Annual residuals tend to be more reliable than quarterly ones. For full-year 2025, the probability that tracked demand exceeds total supply is approximately 0% for CoWoS and around 5% for HBM, so the annual residuals likely reflect a real gap. Some quarter-level residuals also line up with known events — the Q4 2024 HBM “Other” rises to ~38% of supply, consistent with reports that Chinese companies stockpiled HBM ahead of US export controls — and provide useful signal beyond noise.

How confident are you in these estimates?

All figures are estimates with 90% confidence intervals (P5 / P95) derived from 10,000 Monte Carlo simulation draws. We have a fair amount of confidence in our annual estimates: they line up with several independent analyst and industry estimates (JP Morgan, SemiWiki, TrendForce, Global Semi Research, and GFHK) which serve as cross-checks. The cross-validation section in the methodology walks through each comparison.

Underlying uncertainty enters through three modelling steps:

  • Upstream chip volumes: chip unit estimates come from our AI Chip Sales hub, where revenue-allocation and product-mix assumptions are themselves uncertain. Any error there propagates downstream.
  • Unit-to-component conversion: converting chip volumes into logic wafer, CoWoS wafer, and HBM consumption depends on per-chip specifications (die yields, packages per CoWoS wafer, dies per wafer, HBM capacity per chip) that are estimated from public chip specs and analyst reports rather than directly disclosed.
  • Inventory accounting: NVIDIA and AMD report dollar inventory balances, not chip units.

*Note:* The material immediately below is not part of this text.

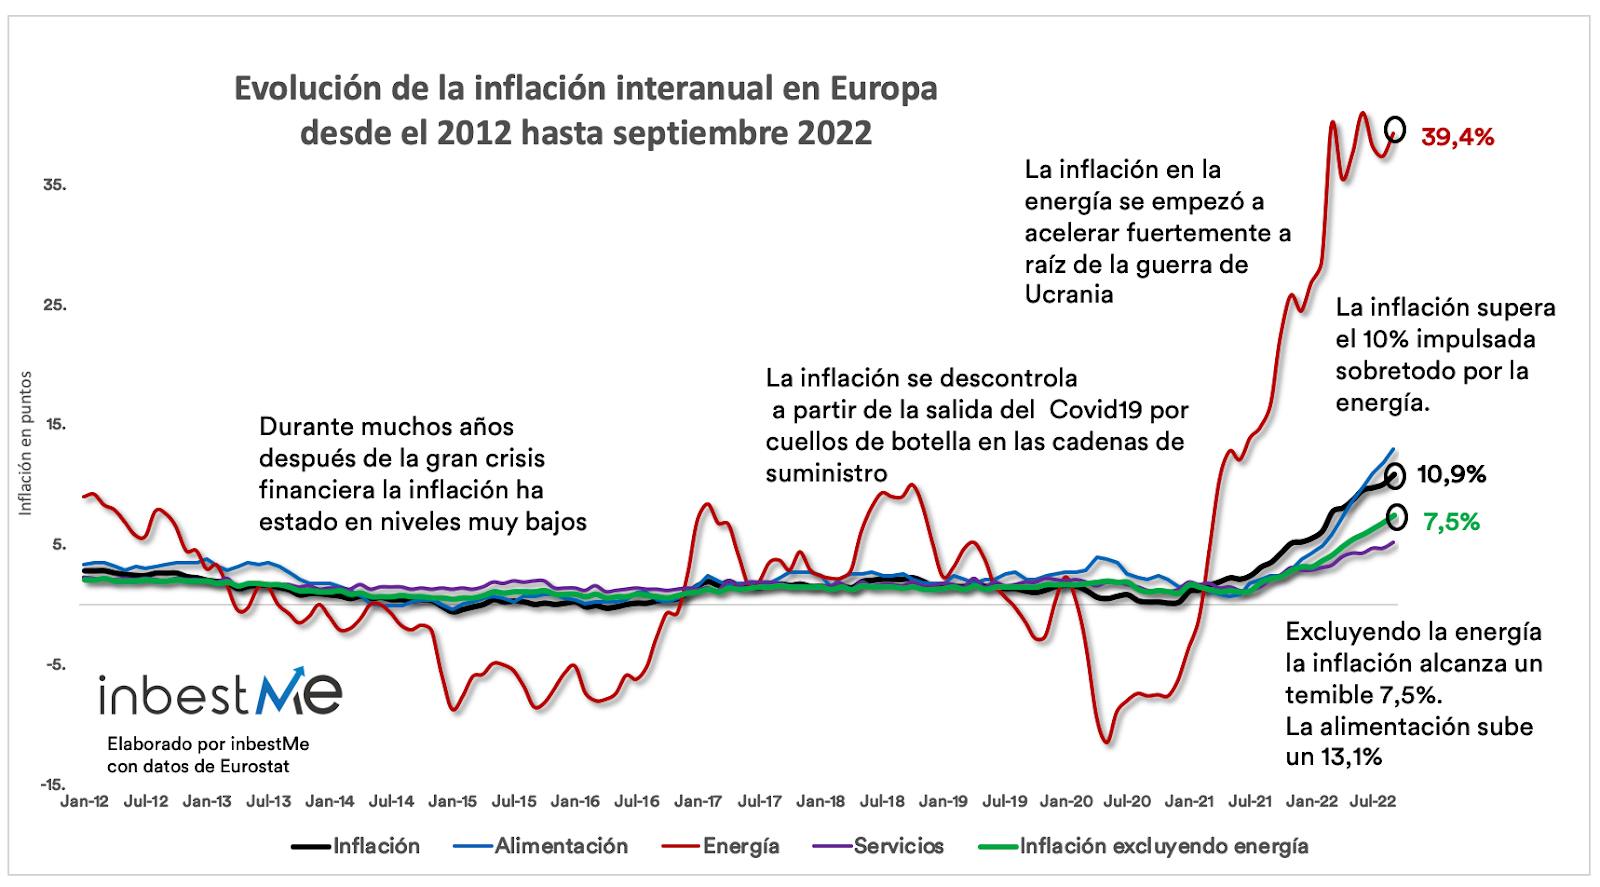 Evolución de la inflación interanual en Europa desde el 2012 hasta septiembre 2022

Translating those dollars to chips relies on bottom-up bill-of-materials cost estimates per GPU, plus assumptions about how much of total inventory is GPU-attributable.

Quarterly estimates carry more uncertainty than annual totals because they are additionally sensitive to:

  • how we spread the year-end inventory buildup across Q2 / Q3 / Q4 2025;
  • the manufacturing-lag assumption (12 weeks for logic, 8 weeks for CoWoS / HBM) used to shift demand from the sales quarter back to the consumption quarter;
  • how we interpolate annual supply estimates (e.g. CoWoS wafers-per-month capacity, HBM market size) into quarterly figures.

Where a single quarter looks surprising, the annual total is a more reliable signal.

What costs does this capture?

Total component cost in this hub captures only the accelerator-level bill of materials: logic die fabrication, CoWoS advanced packaging, HBM memory, and per-chip auxiliary components such as substrate, board, and final-assembly cost.

It does not include rack-scale or data-center-level costs — the infrastructure, networking switches and NICs, host CPUs, storage, cooling, power delivery, building shell, land, and operating overhead that surround the accelerators in a deployed AI system are all out of scope. So our 2025 estimate of roughly $53B in component spend across the four tracked designers is the cost of producing the chips themselves, not the cost of the data centers they ultimately end up in.

How is the data licensed?

Epoch AI’s data is free to use, distribute, and reproduce provided the source and authors are credited under the Creative Commons Attribution license.